Now, by pure random mixed with natural selection, on some of those cell -in this case a primitive algae capable of photosyntesis- gradually appear a new structure: a light detector, placed in the border of the cell, plus a little tail on the oposite side, both connected by only one "wire". A neuronal system so simple it only has a detector, a wire and an actuator.

With 4 o 5 of those structures placed along the cell's edge, you have a totally different thing: this living thing is now intelligent, in some primitive but genuine way.

When ligth hits half of the cell, the detectors on this part will fire and the wires will pass this into the little tails, that will start moving. As a result, the cell will gently travel toward the light, it will scpae from shadows and move into sunny zones.

This simple cell contains all the ingredients for an intelligence, but in such a low level, it makes a perfect structure for our mental experiment with negative goals.

Why you need negative goals in this example of the green cell? Because when this cell reach a sunny part, the detectors will still fire, all at the same time, so all the "tails" will move during all the time the cell is having the sun bath.
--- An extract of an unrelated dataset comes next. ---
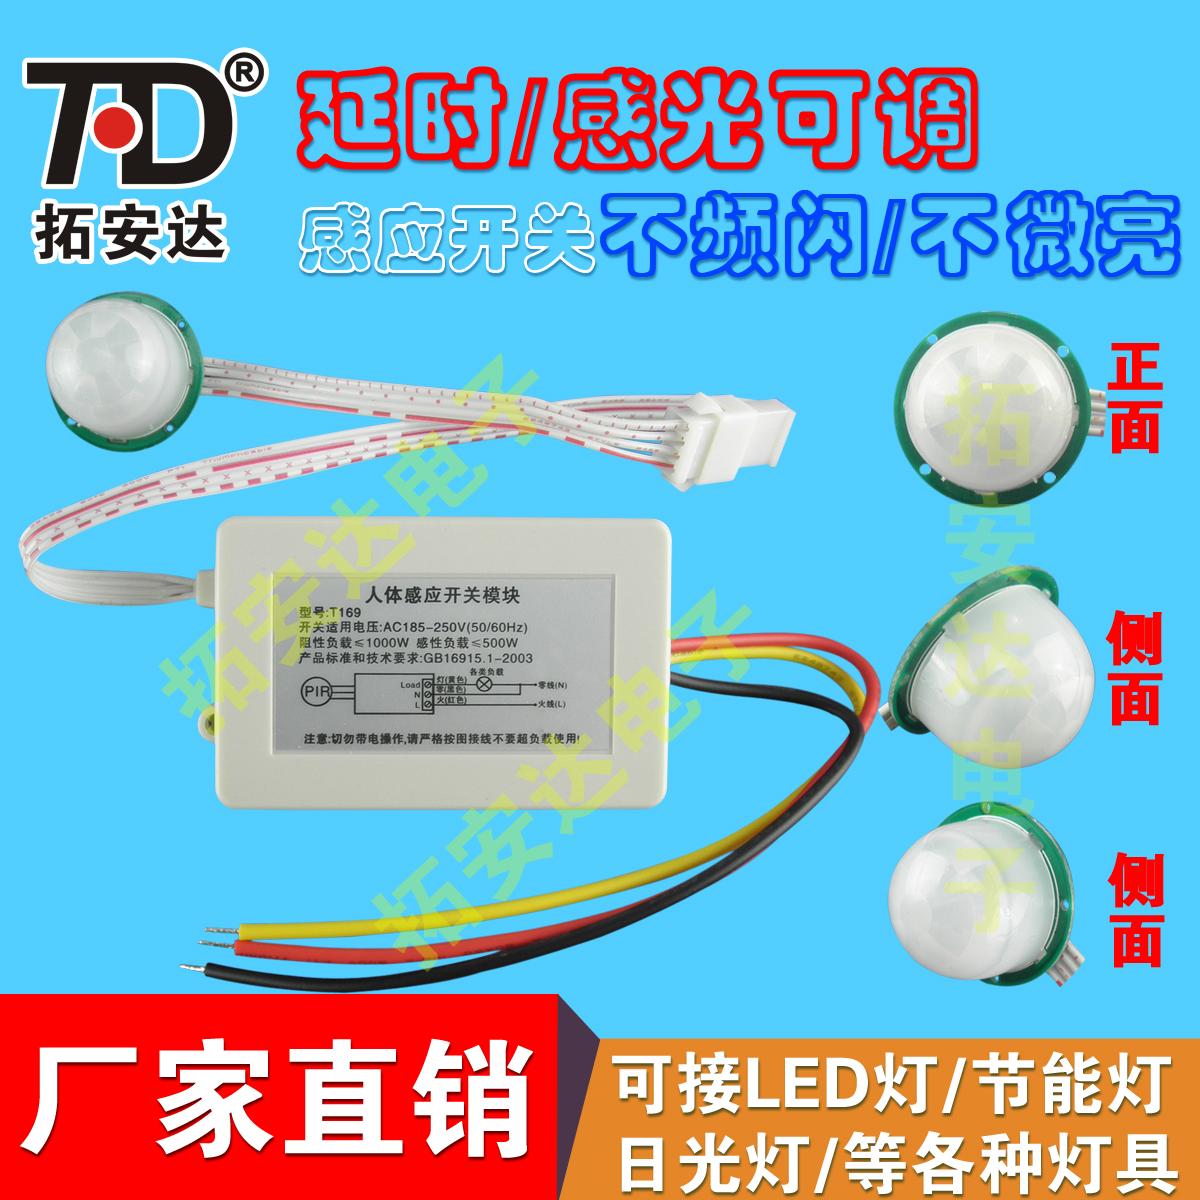 拓安达220v分体式人体红外感应开关TAD-169

You will spend more energy than what you can get from the sun ligth!

How did nature dealed with that? Negative socoring, but the neuronal version of it: inhivition of signals.
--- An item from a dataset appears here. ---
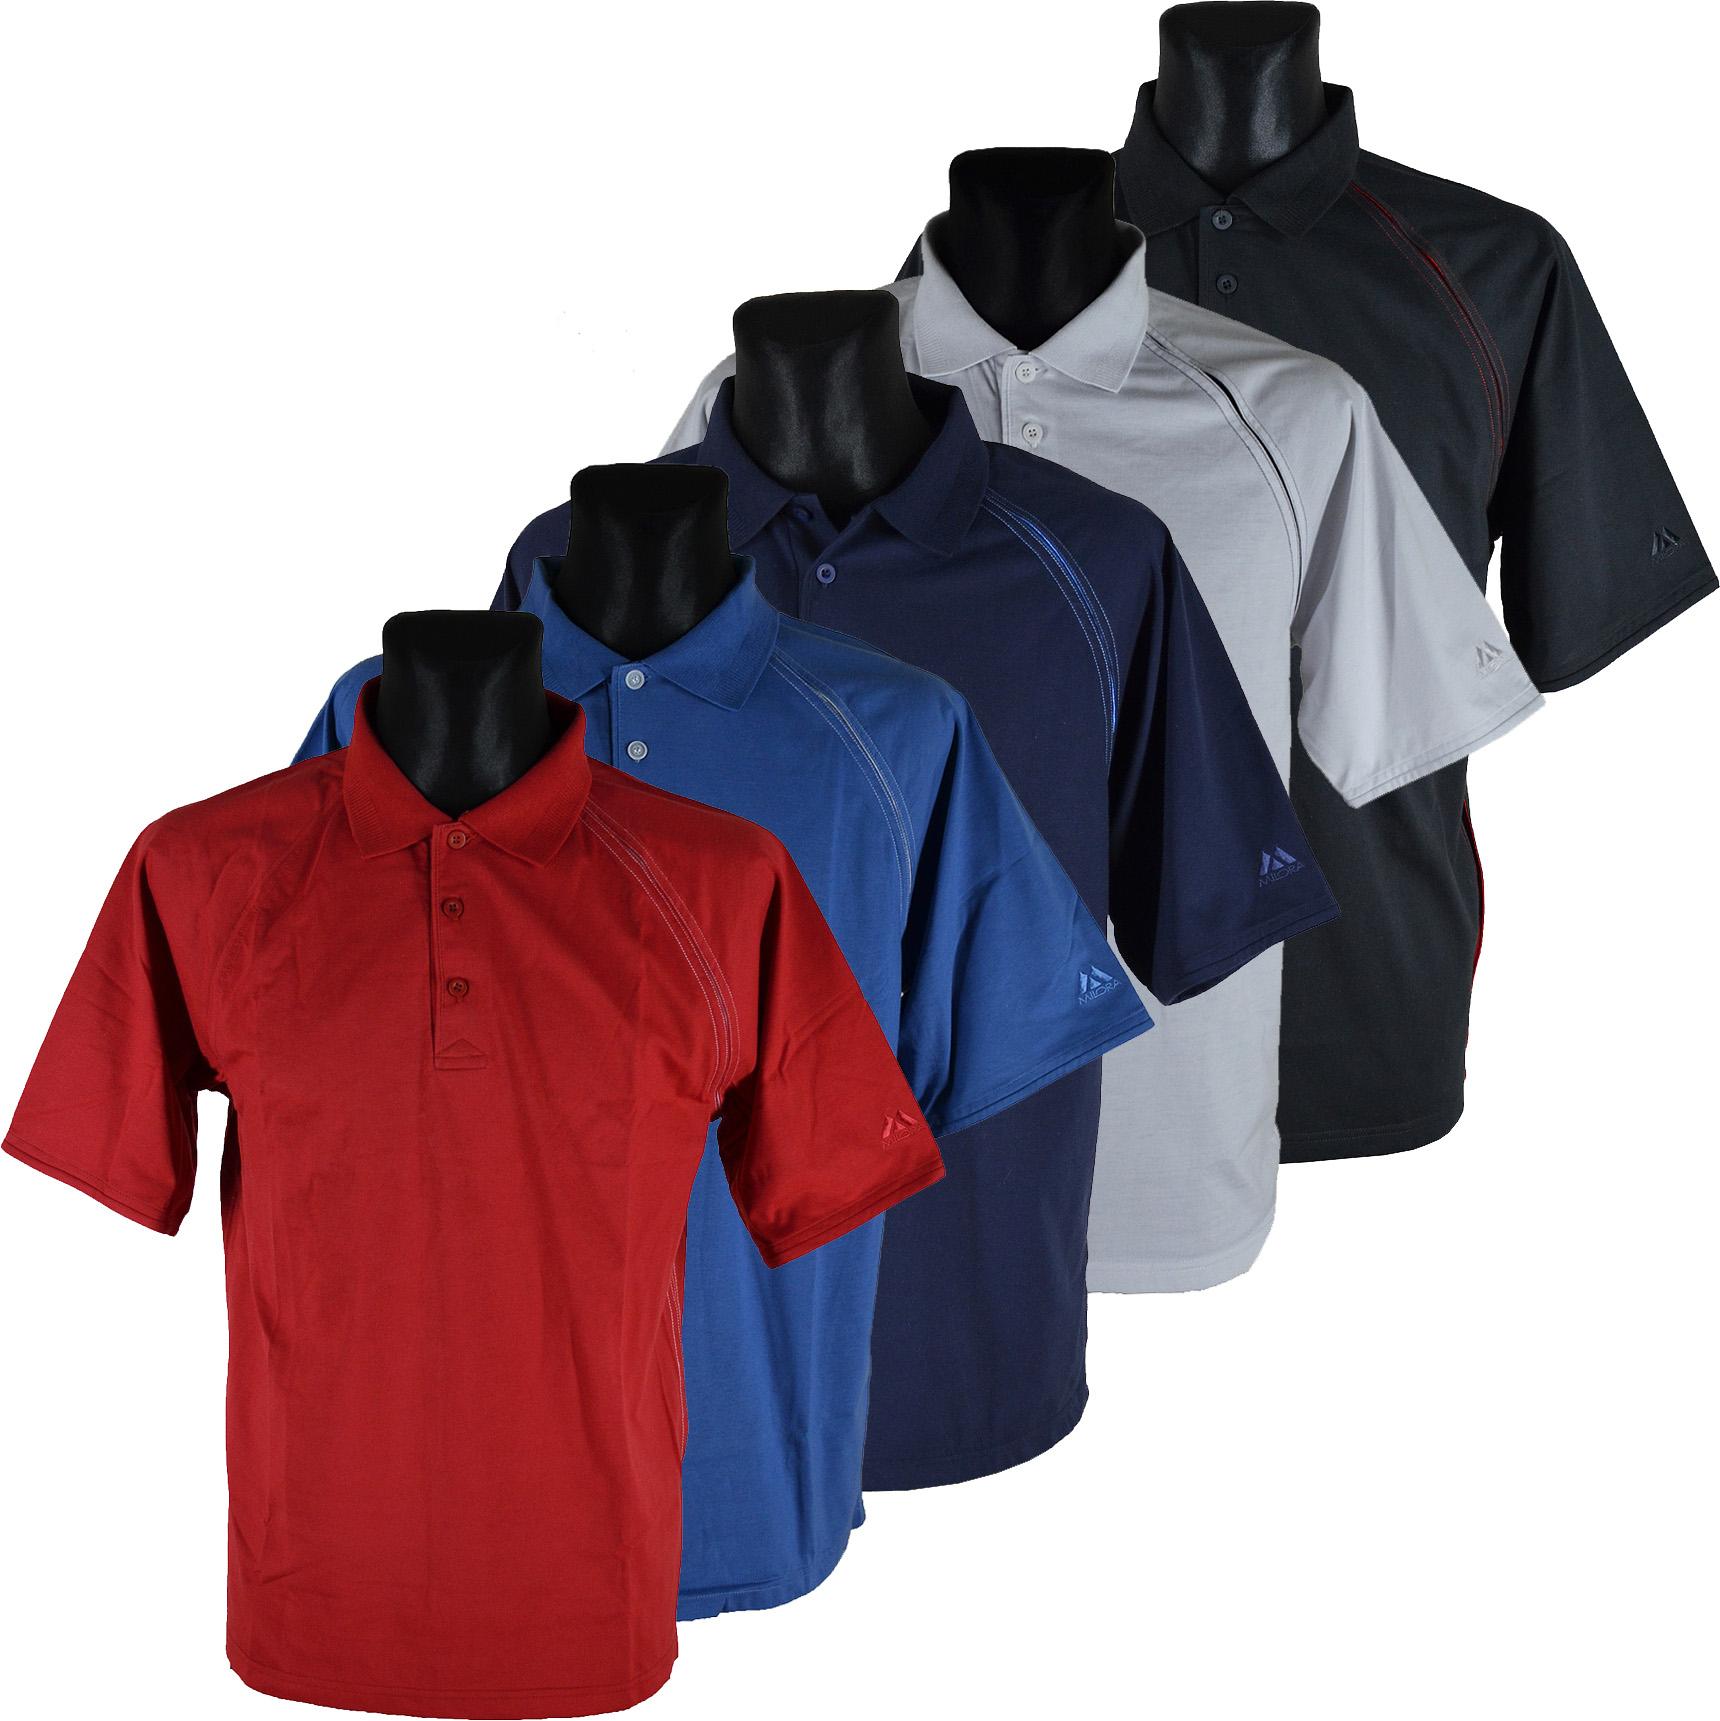 Однотонные спортивные футболки 52e8b36acc0f0

Imagine the last example, the cell has 4 of those detector-wire-tail structures that help it move toward the light. Now add a simple neuronal network with only one neuron, connected to the four receptor as inputs and to the four tails as ouput.

If all the four detector fire at the same time, their signal reach this neuron and activate it. If only three of the detector fires, this neuron won't fire. This neuron is detecting the case "it is sunny everywhere", it will only fire on this event.

When "the" neuron -its brain only has this one- fires, it pass this to the four "tails" in such a way, it will "inhivite" the firing of the tail movement.

You have avoided this ugly case of "all sunny" with a simple but "negative" signal coming from one of the simpliest neuronal network possible.

How does it look in the real algorthim? Quite simple too!

I added to the simulation a "health" and an "energy" for each of the players -karts or rockets- and, when scoring each future, instead of just using the scquere of the distance raced, I multiplied it by the health level (from 0=dead to 1=perfect) and the energy level (from 0=depleted to 1=full). That was all.

The efect was: if ina future I crash and my 100% health lower to 10%, then the positive goals collected in the future trace will be lowered with *0.1, so not crashing futures will automatically be 10 times more appeling compared to the ones where I loose 90% of my health.

So let have a look on 10 intelligent players -5 kart and 5 rocekts- moving around a circuit filled with small drops of energy. Getting the drops doesn't give any scoring, but the energy you get will make the energy level to pop up from 0.85 to 0.95, so in the same way not crashing was interesting, it is getting a drop.

Just to make it a little more natural, I added to the rockect the possibility to land gnetly on the black pixels and rest to slowly refill its energy. But I never told them to land or anything similar, I just said: a future score with (raced^2)*health*energy, all the behaviours you will see just emerged from this formulae (plus the neutral common sense).

There exists a second way to do it, I assume it appeared in nature much later, but it works quite diferently: fear.

But this post was about reduction goals, so I will stop here!